L’année 2017 sera celle de la démocratie débridée en Europe. Du Liechtenstein le 5 février à la République tchèque le 20 octobre, ce seront 28 élections présidentielles, législatives, régionales ou par voie de référendum, qui seront tenues en Europe. Sans compter l’Italie qui souhaite anticiper ses élections législatives de 2018 en même temps que les élections allemandes (dixit Mateo Renzi) du 24 septembre !
Quelle débauche démocratique encore jamais vue en Europe, comme si la course aux consultations électorales pouvait résoudre les problèmes et problématiques qui secouent l’Europe avec de plus en plus d’acuité. En outre, les résultats d’élections parfois répétés laissent des États sans possibilité de gouvernement : l’Irlande sans gouvernement depuis mars, les Pays-Bas dont les négociations d’après élections n’en finissent pas, la Grande-Bretagne avec une Première ministre fragilisée et contestée. Ailleurs, des coalitions gouvernementales hétéroclites sont constituées, parfois avec les partis dits « populistes » en progression dans la plupart des pays européens (Bulgarie, Norvège, Finlande, Pologne). Enfin, la hausse générale du « parti des abstentionnistes » complète le panorama de la réalité démocratique en Europe (comme aux USA, « père de la démocratie » d’ailleurs).
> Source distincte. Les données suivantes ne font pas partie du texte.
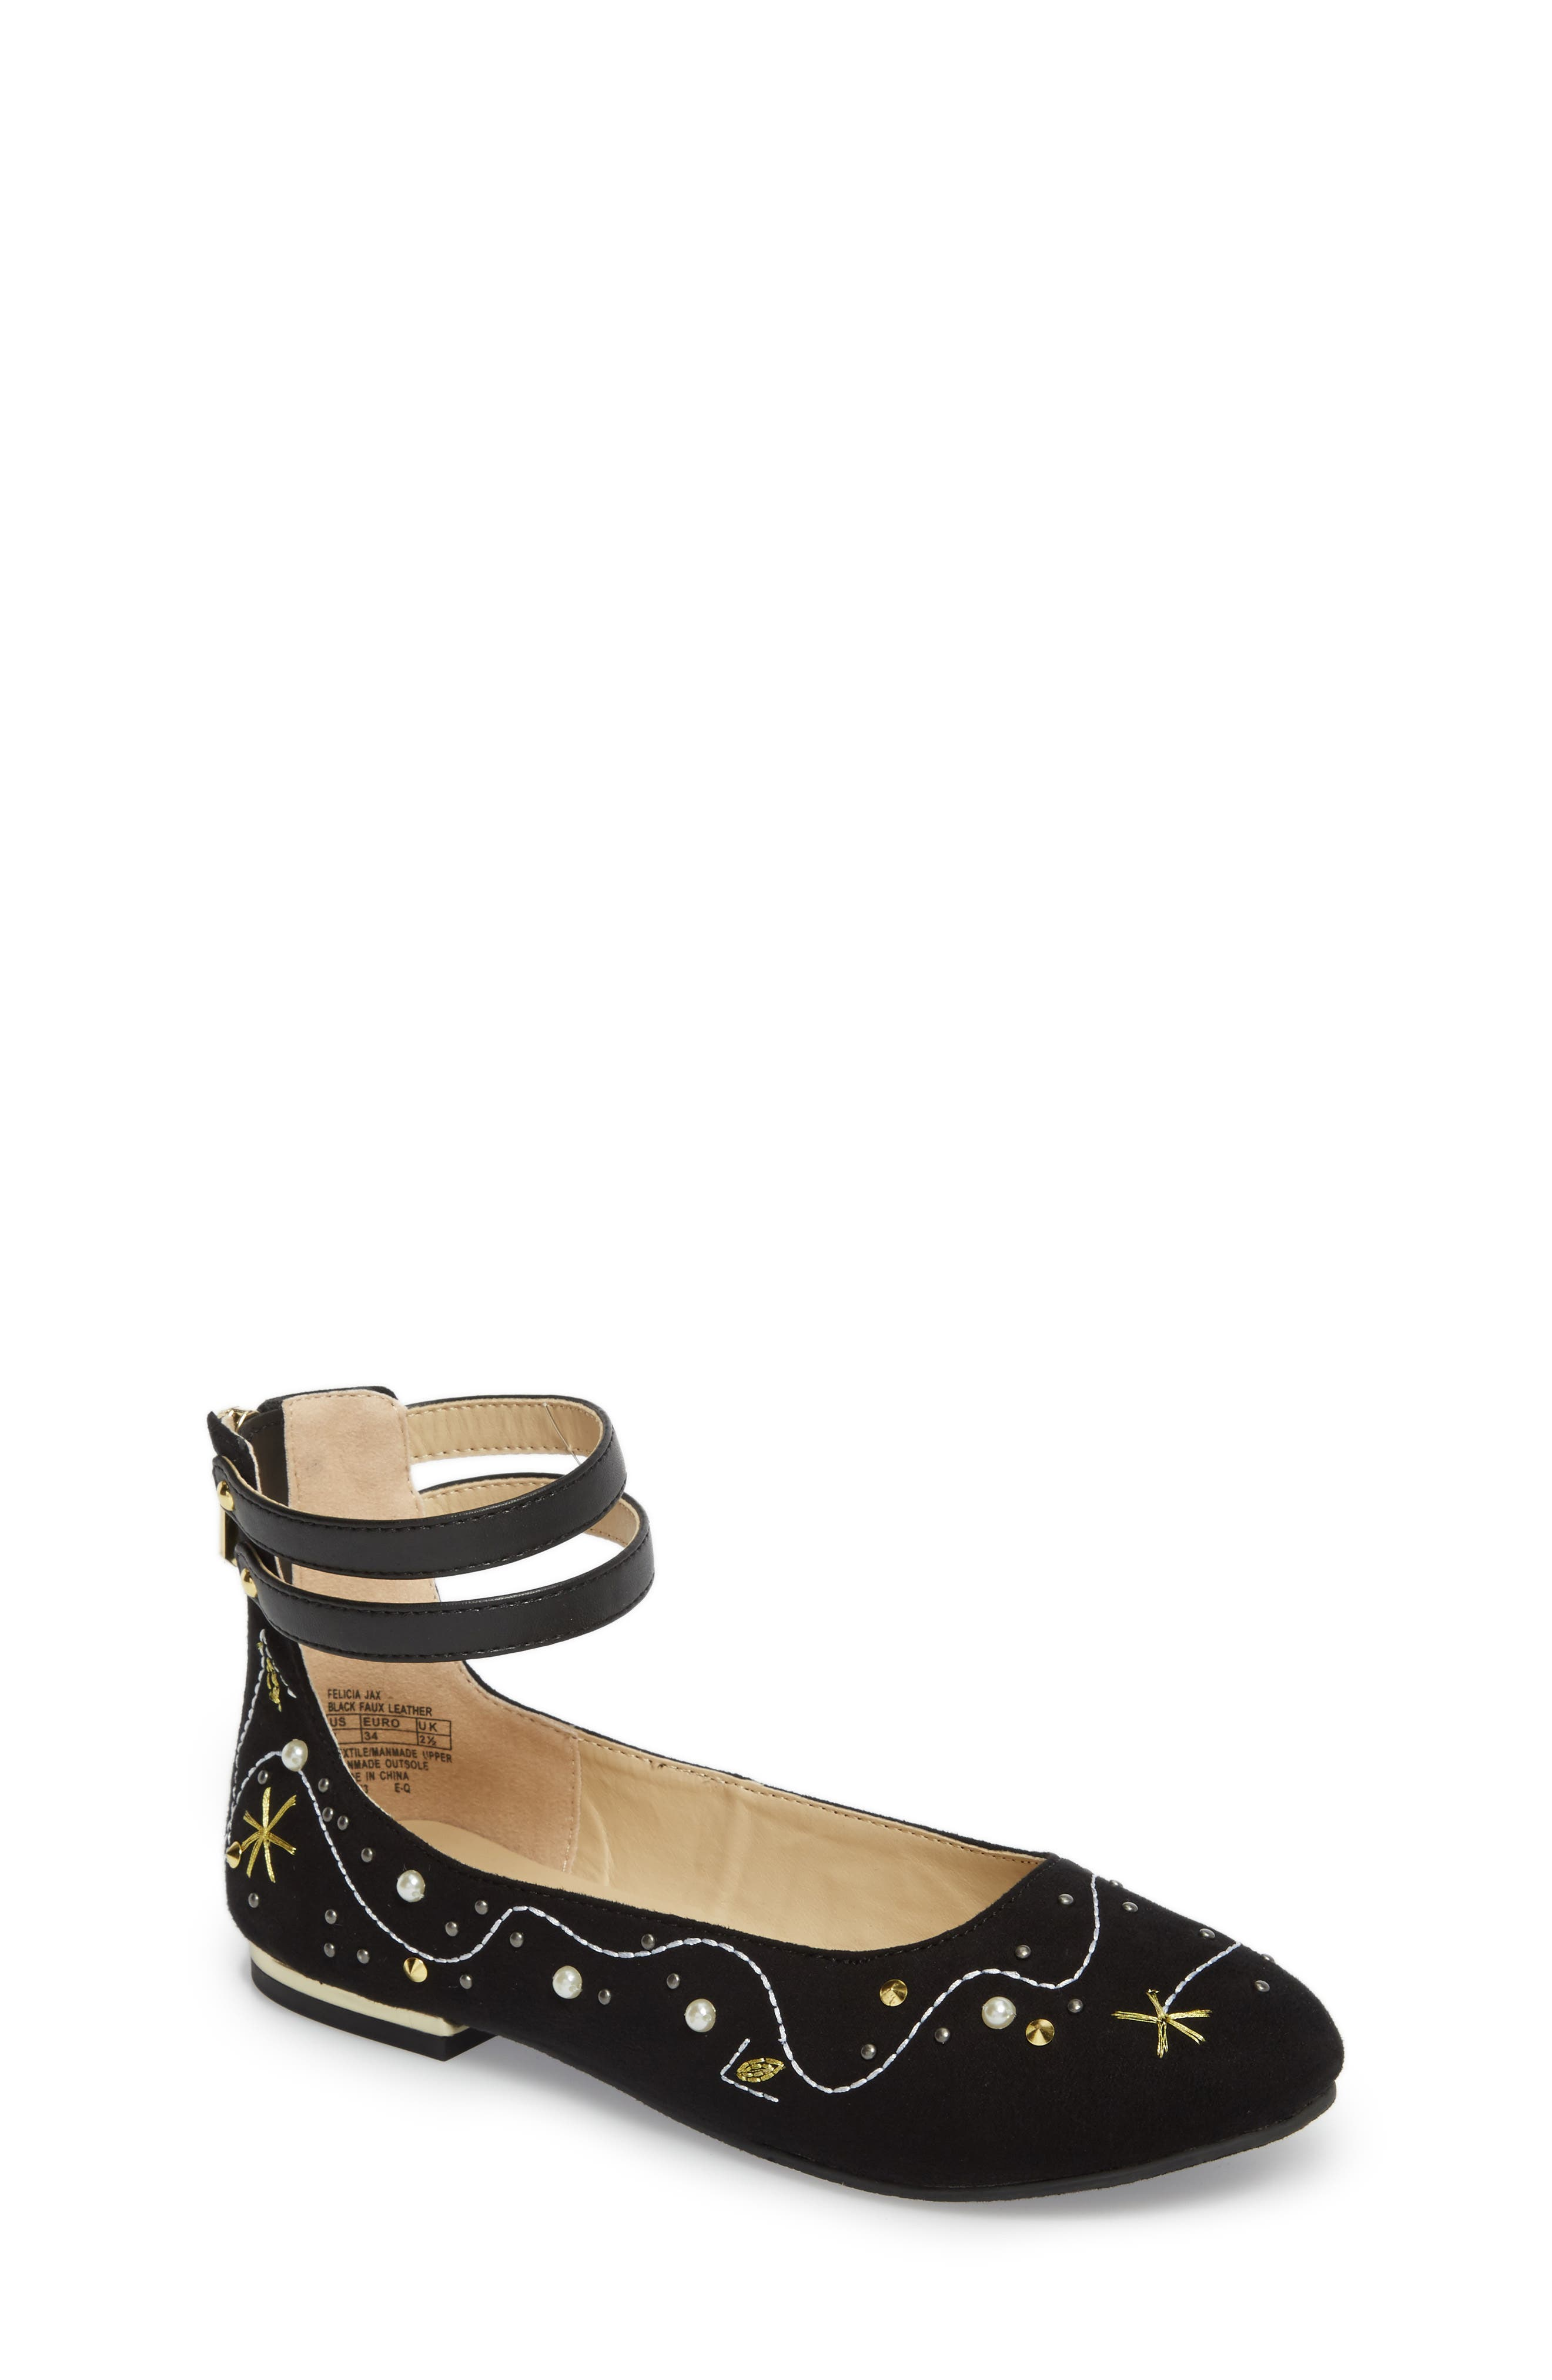 Felicia Jax Embellished Flat,                             Main thumbnail 1, color,                             Black

Devant une telle situation de l’Europe, on ne peut que rester rêveur ou sceptique sur les ressorts et les finalités des consultations démocratiques : élections à répétition, abstention, représentativité médiocre et décalée, coalitions précaires, les pays européens sont déstabilisés sur fond de dégradation économique et sociale et de mondialisation inadaptée aux structures de l’Europe et dans laquelle les pays européens s’embourbent. Sauf l’Allemagne qui surnage grâce à sa position dominante en Europe dont elle affaiblit encore les économies par son hégémonie.
Que valent alors des élections politiques quand les puissances internationales économico-financières sont devenues à part entière les véritables dirigeantes des peuples européens (et d’une grande partie du monde aussi).
La médiocrité démocratique ne peut que les réjouir et donc ne troubler vraiment personne malgré les larmes de crocodiles abondamment versées par nos élites. Le matraquage démocratique est en réalité la traduction en forme de trompe-l’œil d’une survivance de la souveraineté populaire affirmée depuis plus de mille ans et traduite comme un dogme par la philosophie politique. La culture de l’« immédiateté », le culte de l’« apparence » et de l’« image », des « slogans » simplificateurs, le triomphe de l’individualisme, ont fait de la démocratie un décor de carton-pâte, et des peuples européens des villages Potemkine du XVIIIe siècle.
Trop de démocratie apparente tue la démocratie réelle. L’Europe légale n’est pas l’Europe réelle. D’autant qu’il faut superposer à ces contextes nationaux dévoyés, le parangon moderne de la démocratie représenté par l’Union Européenne, autre étalage des distorsions fondamentales entre les peuples et les élites européennes qui cherchent à se « réformer pour mieux répondre aux aspirations des peuples »,
paraît-il… Il faut comprendre ici une nouvelle démarche de travestissement démocratique constituant un nouvel écran de fumée suffisamment convaincant (on compte sur la presse européenne pour le valoriser) pour gagner du temps par une piqûre de rappel d’anesthésie populaire.
« Élections, piège à cons » proclamaient les slogans de mai 1968 : « Ô temps ! Suspends ton vol, et vous, heures propices ! Suspendez votre cours », écrivait Lamartine. Rien n’a changé. Au contraire.